-
Notifications
You must be signed in to change notification settings - Fork 20
Open
Description
Models deployed from Hugging Face using the inference-stack-deploy.sh script cannot be removed using the "Remove Model using deployment name" menu option. The removal process runs and reports success, but the model pod remains running and the deployment installed.
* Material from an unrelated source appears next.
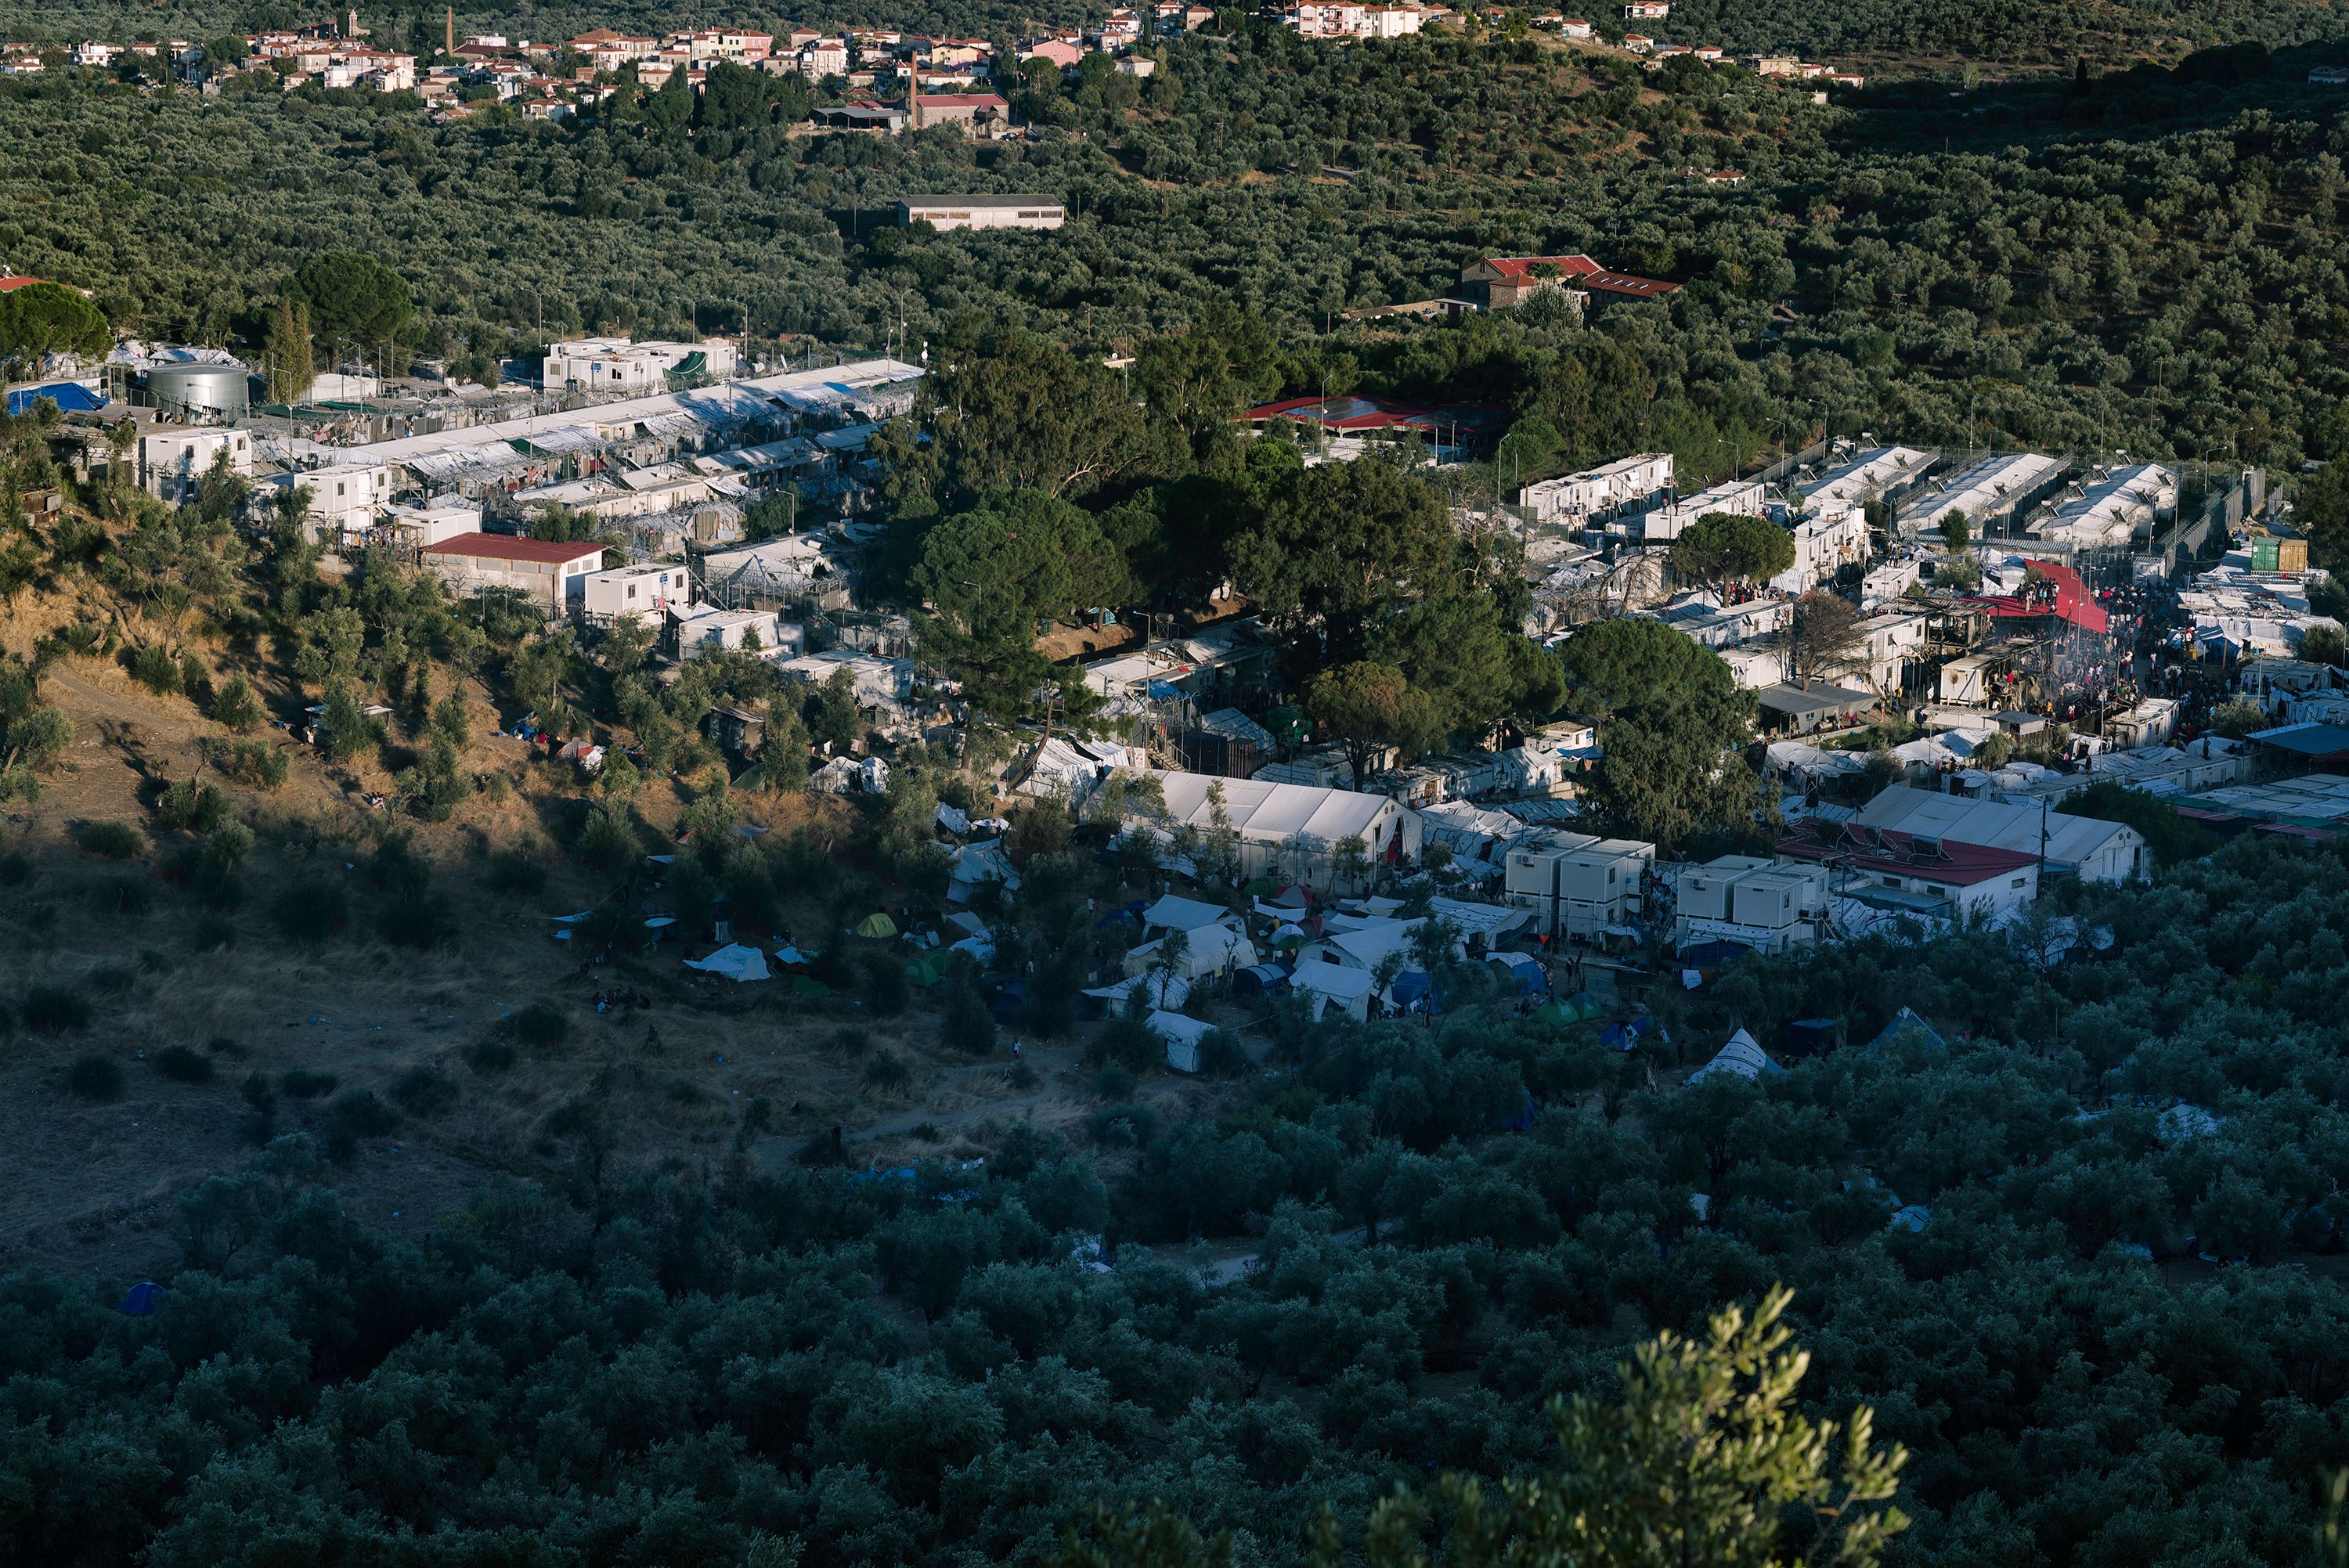 A view of the Moria refugee camp in September 2019. Thousands have been left homeless after a fire destroyed the camp. Image by Aleksandra H. Kossowska / Shutterstock. Greece, 2019.

See the full process below using the TinyLlama model as an example, starting from deploying the model:
user@master1:~/Enterprise-Inference/core$ ./inference-stack-deploy.sh
----------------------------------------------------------
| Intel AI for Enterprise Inference |
|---------------------------------------------------------|
| 1) Provision Enterprise Inference Cluster |
| 2) Decommission Existing Cluster |
| 3) Update Deployed Inference Cluster |
| 4) Brownfield Deployment of Enterprise Inference |
|---------------------------------------------------------|
Please choose an option (1, 2, 3 or 4):
> 3
-------------------------------------------------
| Update Existing Cluster |
|------------------------------------------------|
| 1) Manage Worker Nodes |
| 2) Manage LLM Models |
|------------------------------------------------|
Please choose an option (1 or 2):
> 2
-------------------------------------------------
| Manage LLM Models
|------------------------------------------------|
| 1) Deploy Model |
| 2) Undeploy Model |
| 3) List Installed Models |
| 4) Deploy Model from Hugging Face |
| 5) Remove Model using deployment name |
|------------------------------------------------|
Please choose an option (1, 2, 3, or 4):
> 4
-------------------------------------------------
| Deploy Model from Huggingface |
|------------------------------------------------|
Configuration file found, setting vars!
---------------------------------------
Metadata configuration file found, setting vars!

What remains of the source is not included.